==== EXCERPTED DATA ====
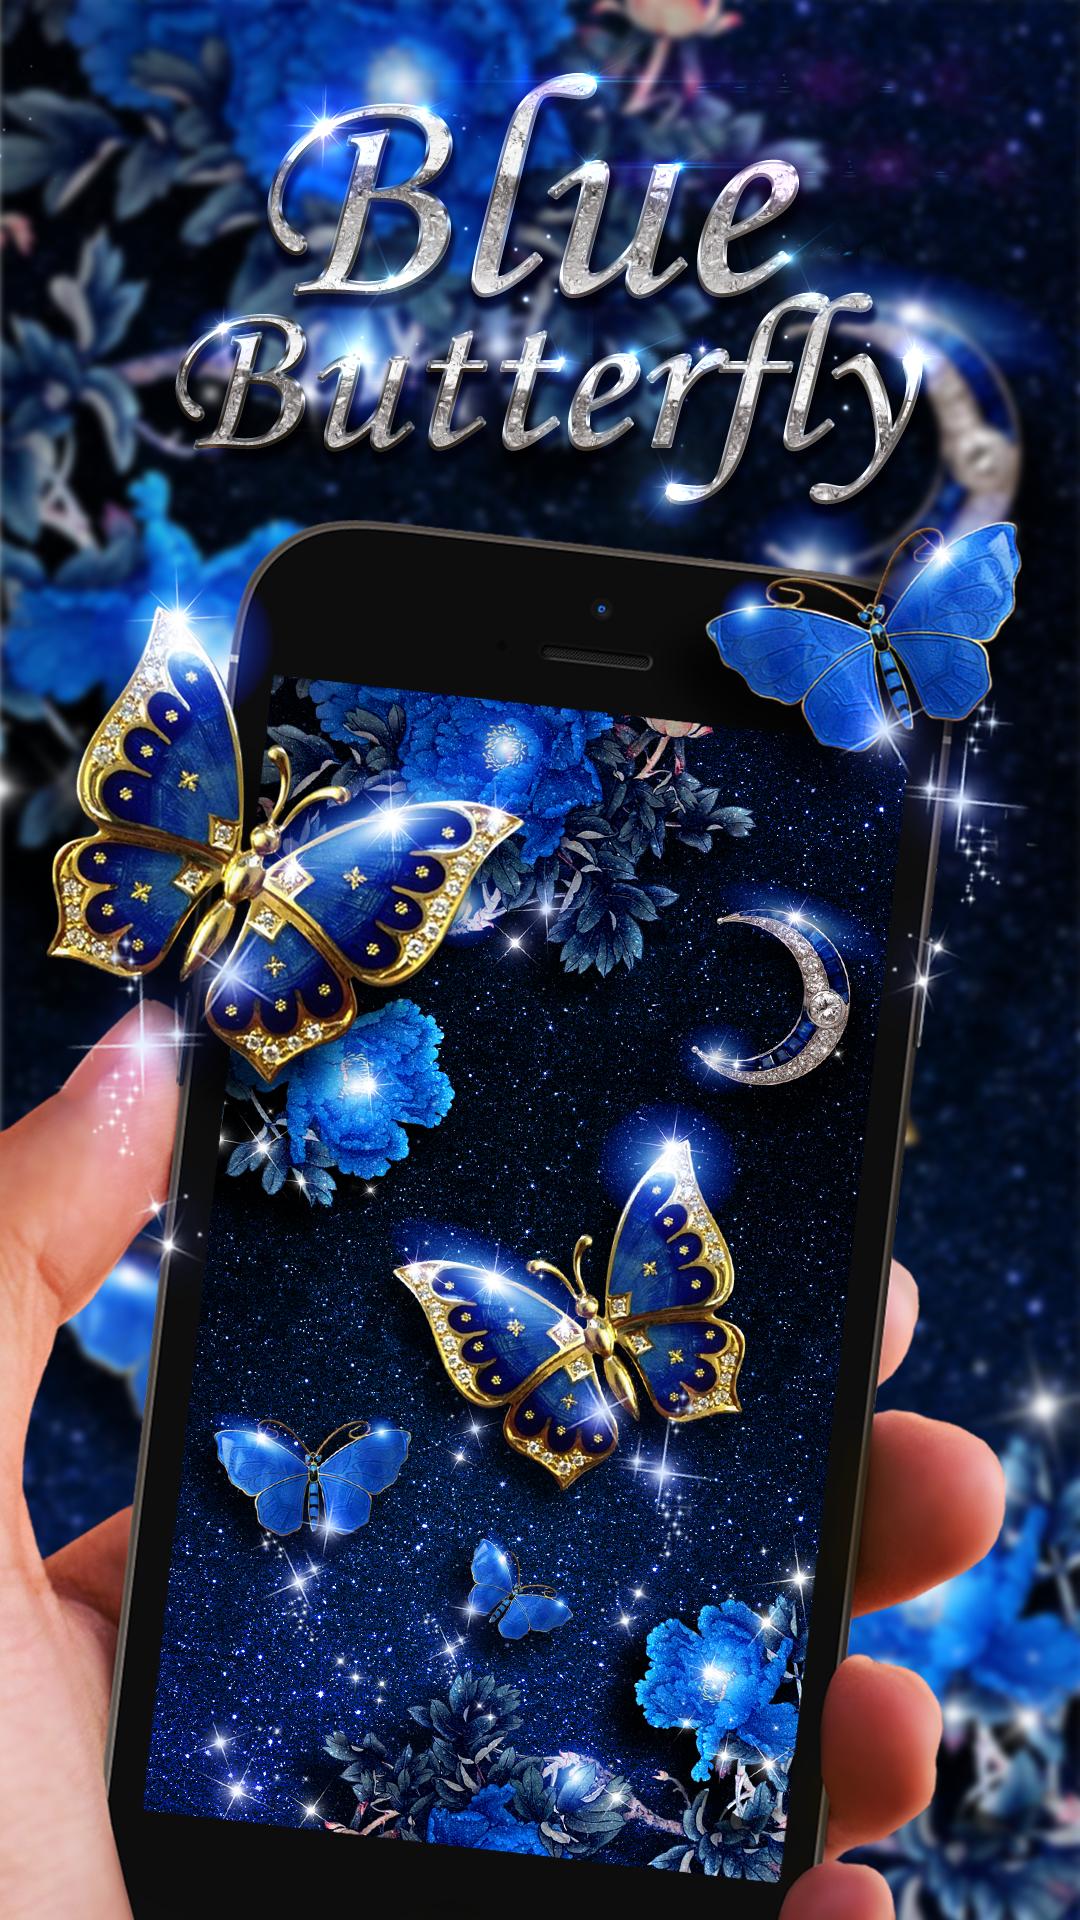 Blue butterfly live wallpaper!   Butterfly wallpaper, Live ...
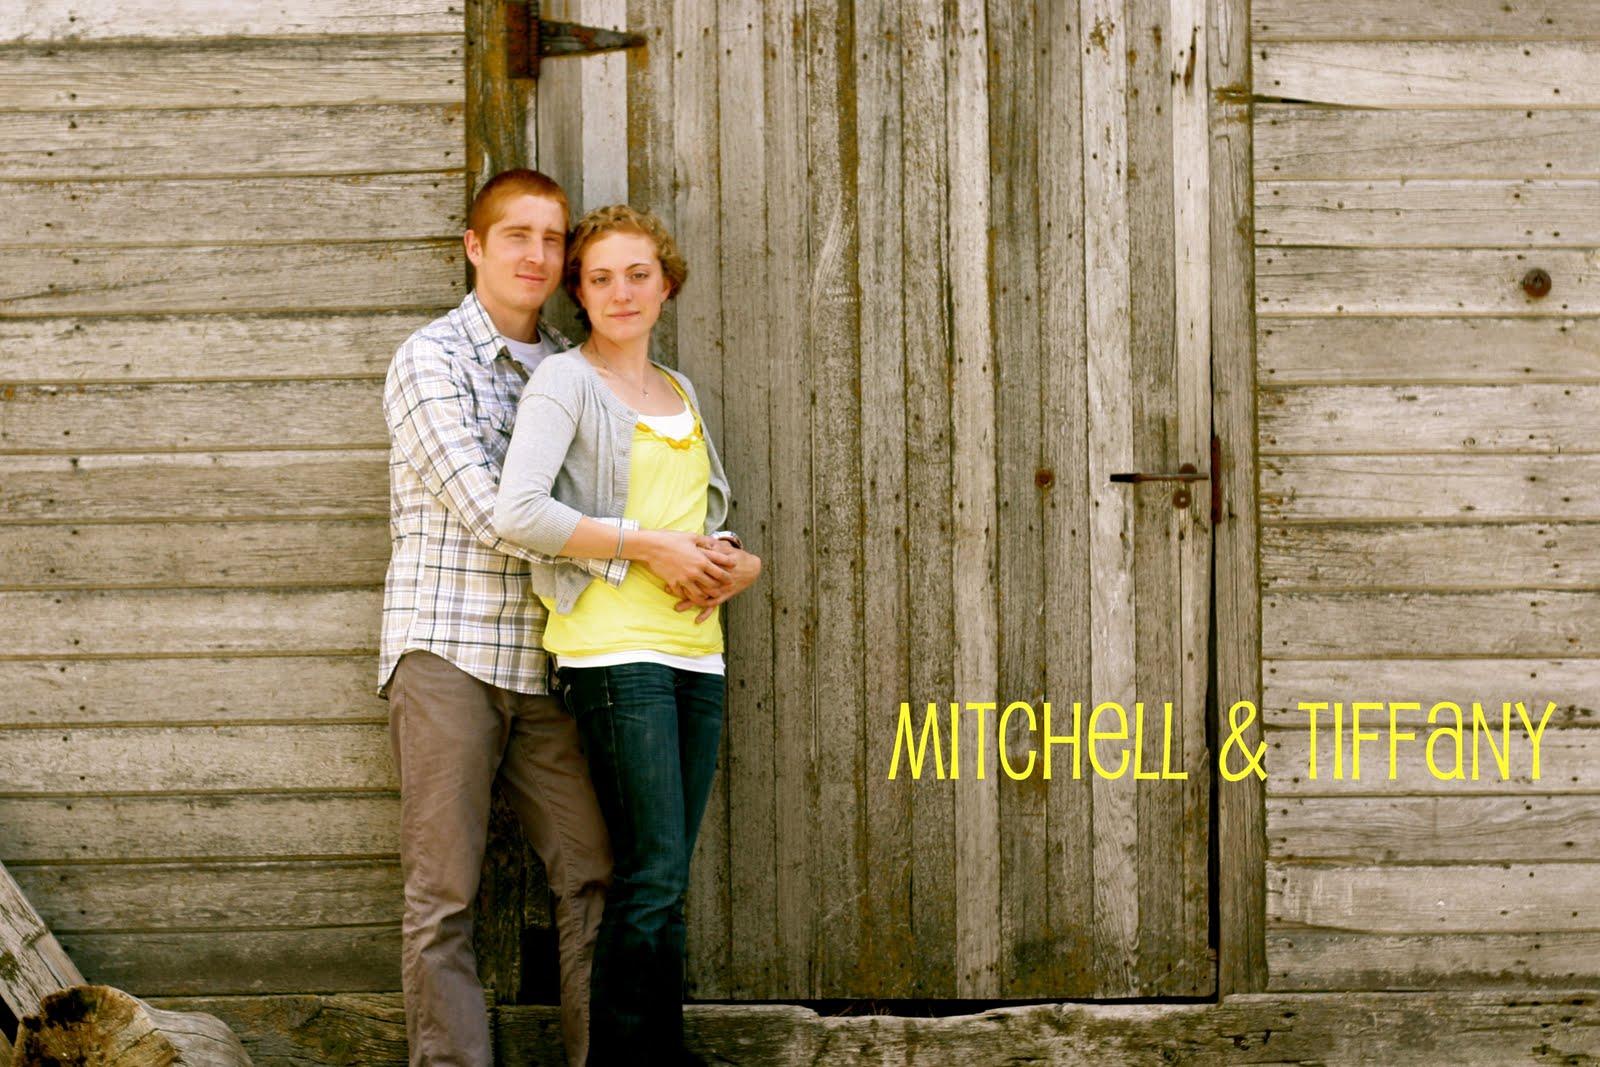 Mitchell and Tiffany Elias
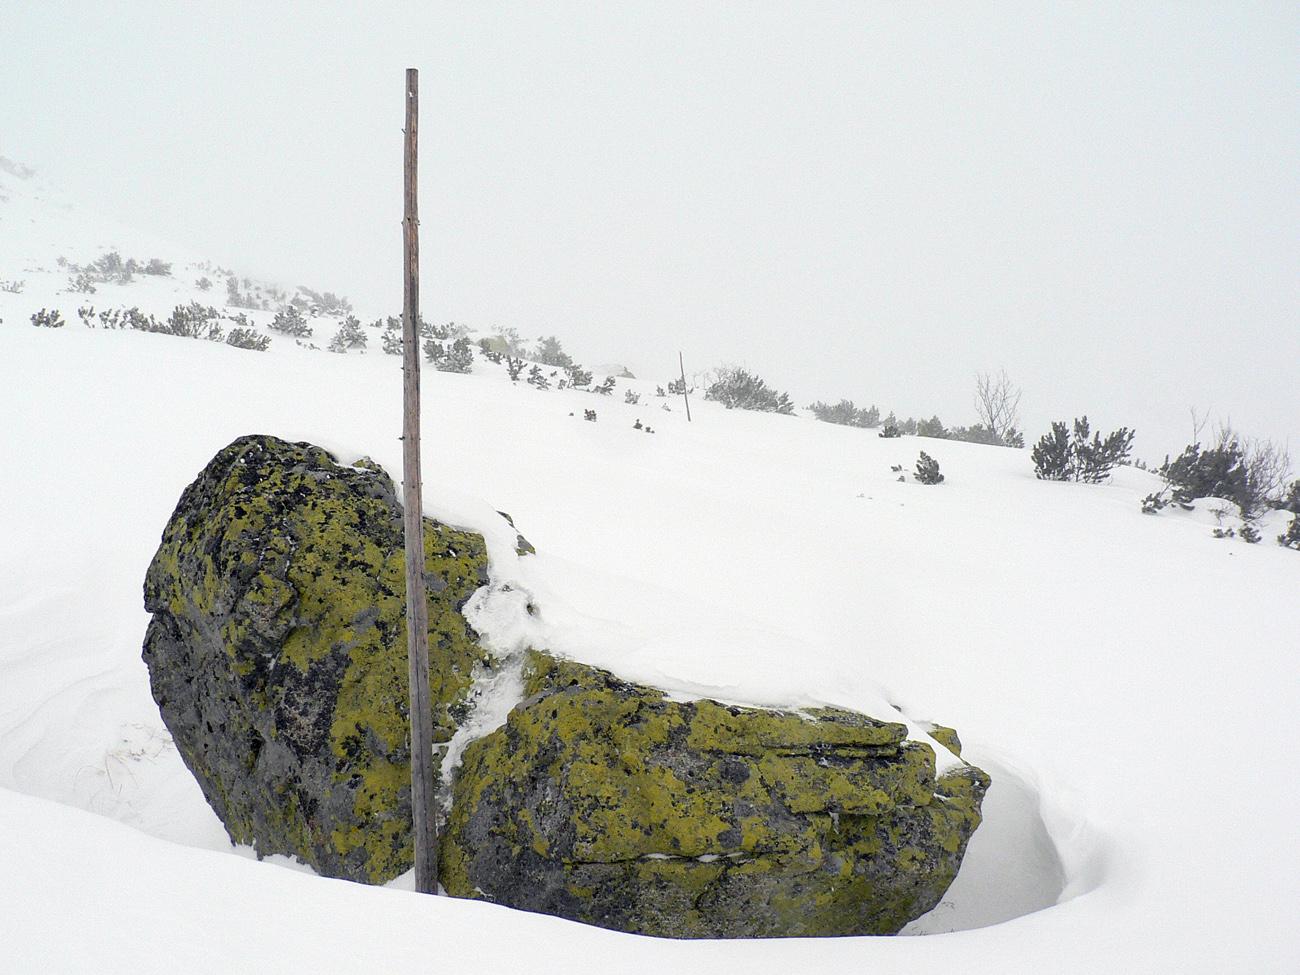 ziarska-dolina-rychly-stefansky-prieskum
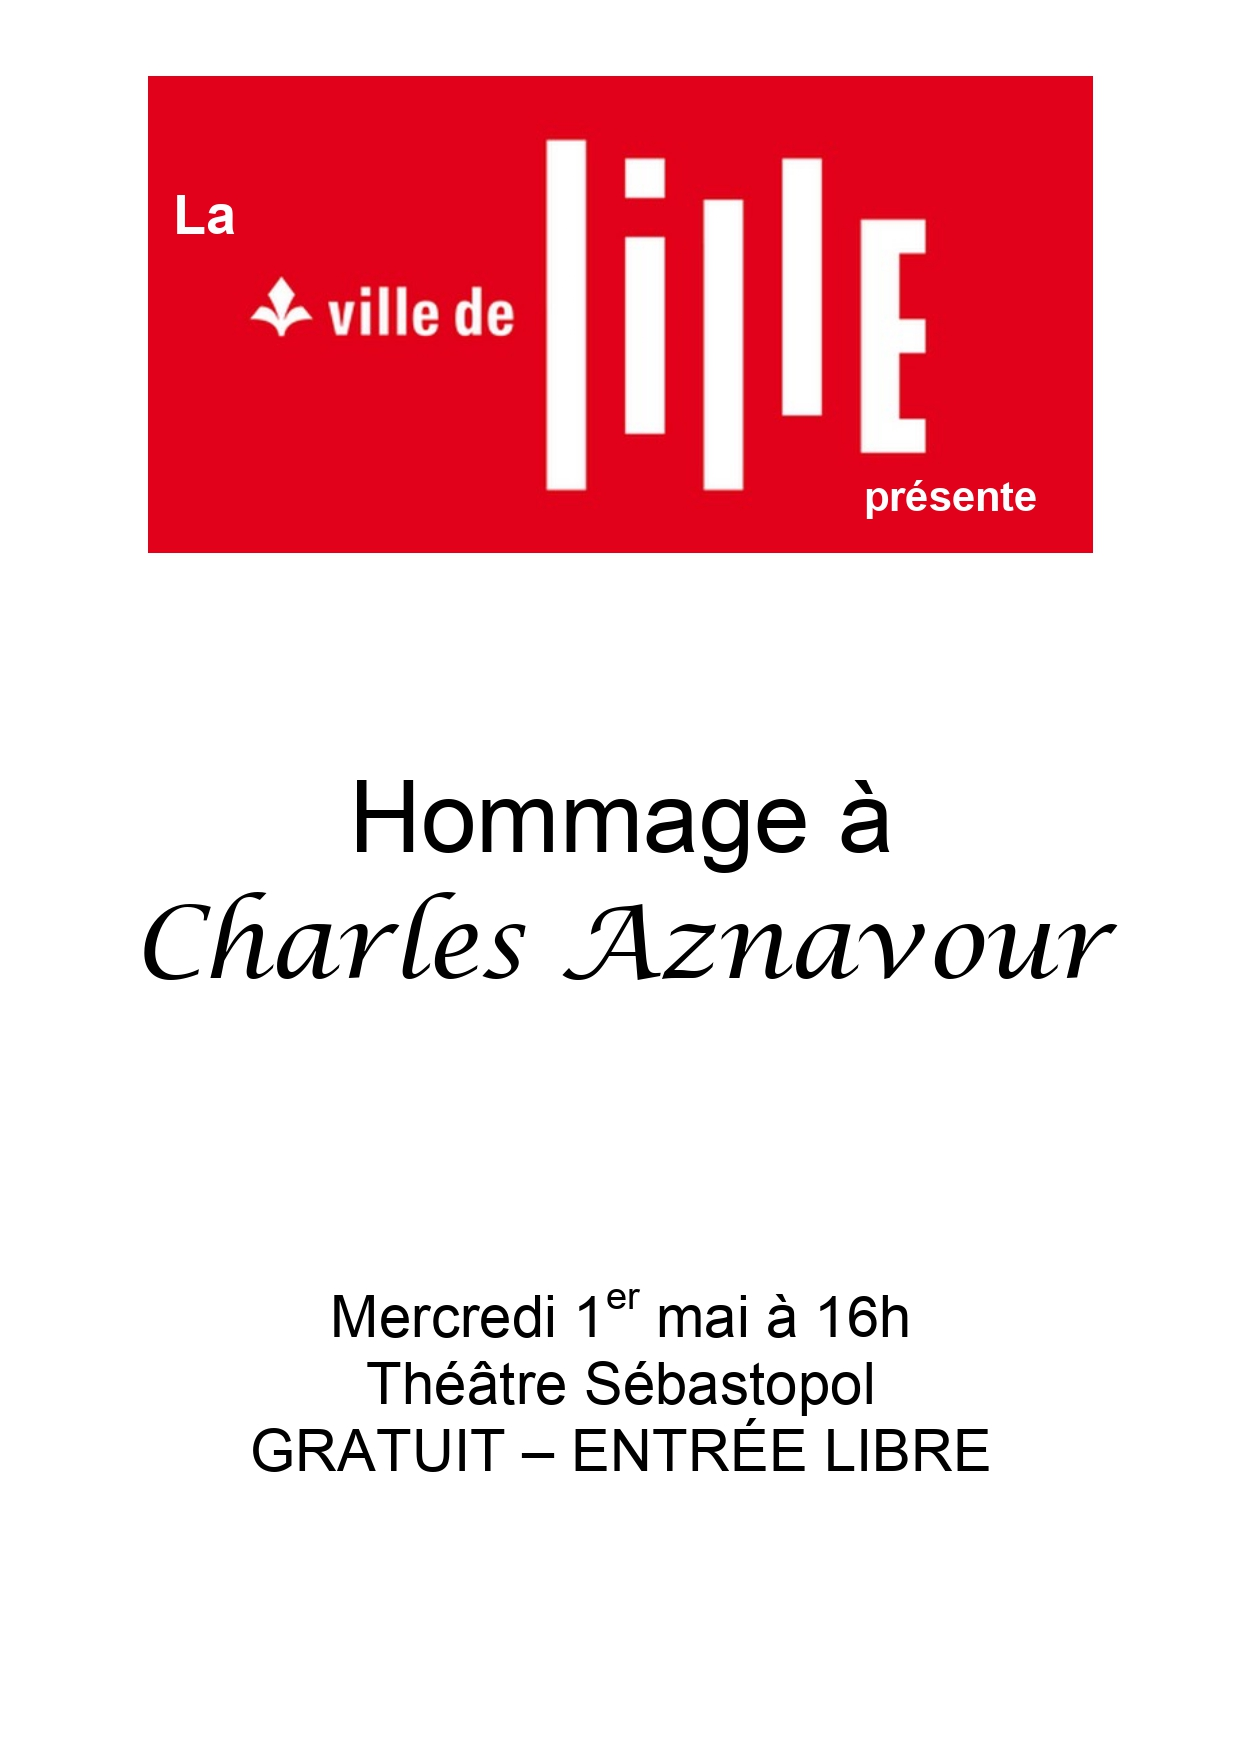 SPECTACLE DU 1ER MAI : Hommage à Charles Aznavour
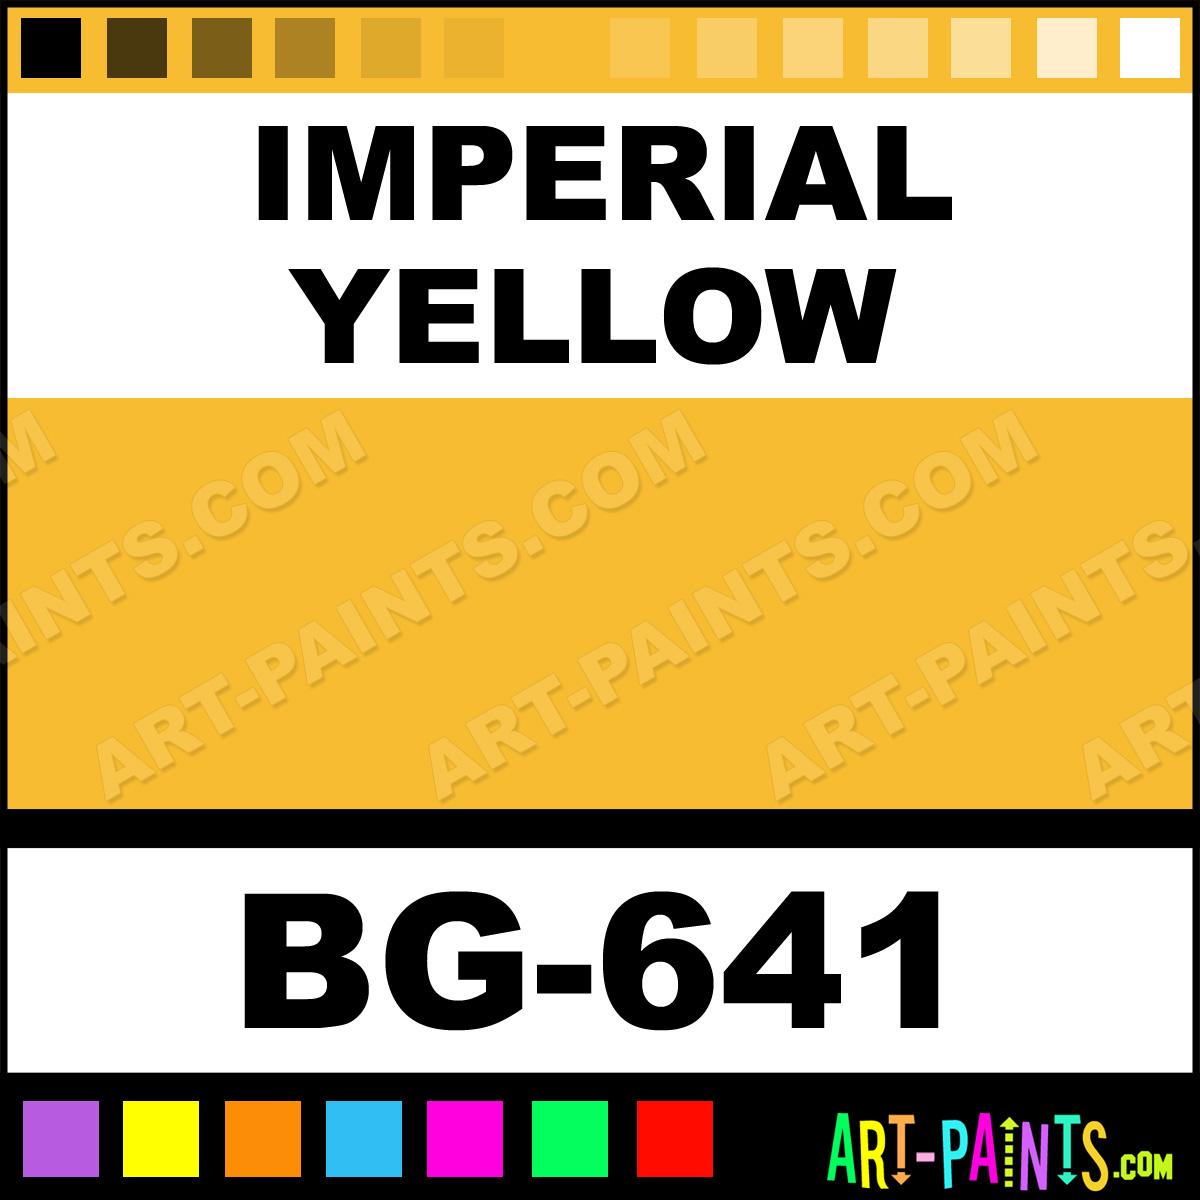 Imperial Yellow Bisque Glaze Ceramic Paints Bg 641
====
An exact copy of the entries above is required, with the pictures left out.

 Blue butterfly live wallpaper!   Butterfly wallpaper, Live ...
 Mitchell and Tiffany Elias
 ziarska-dolina-rychly-stefansky-prieskum
 SPECTACLE DU 1ER MAI : Hommage à Charles Aznavour
 Imperial Yellow Bisque Glaze Ceramic Paints Bg 641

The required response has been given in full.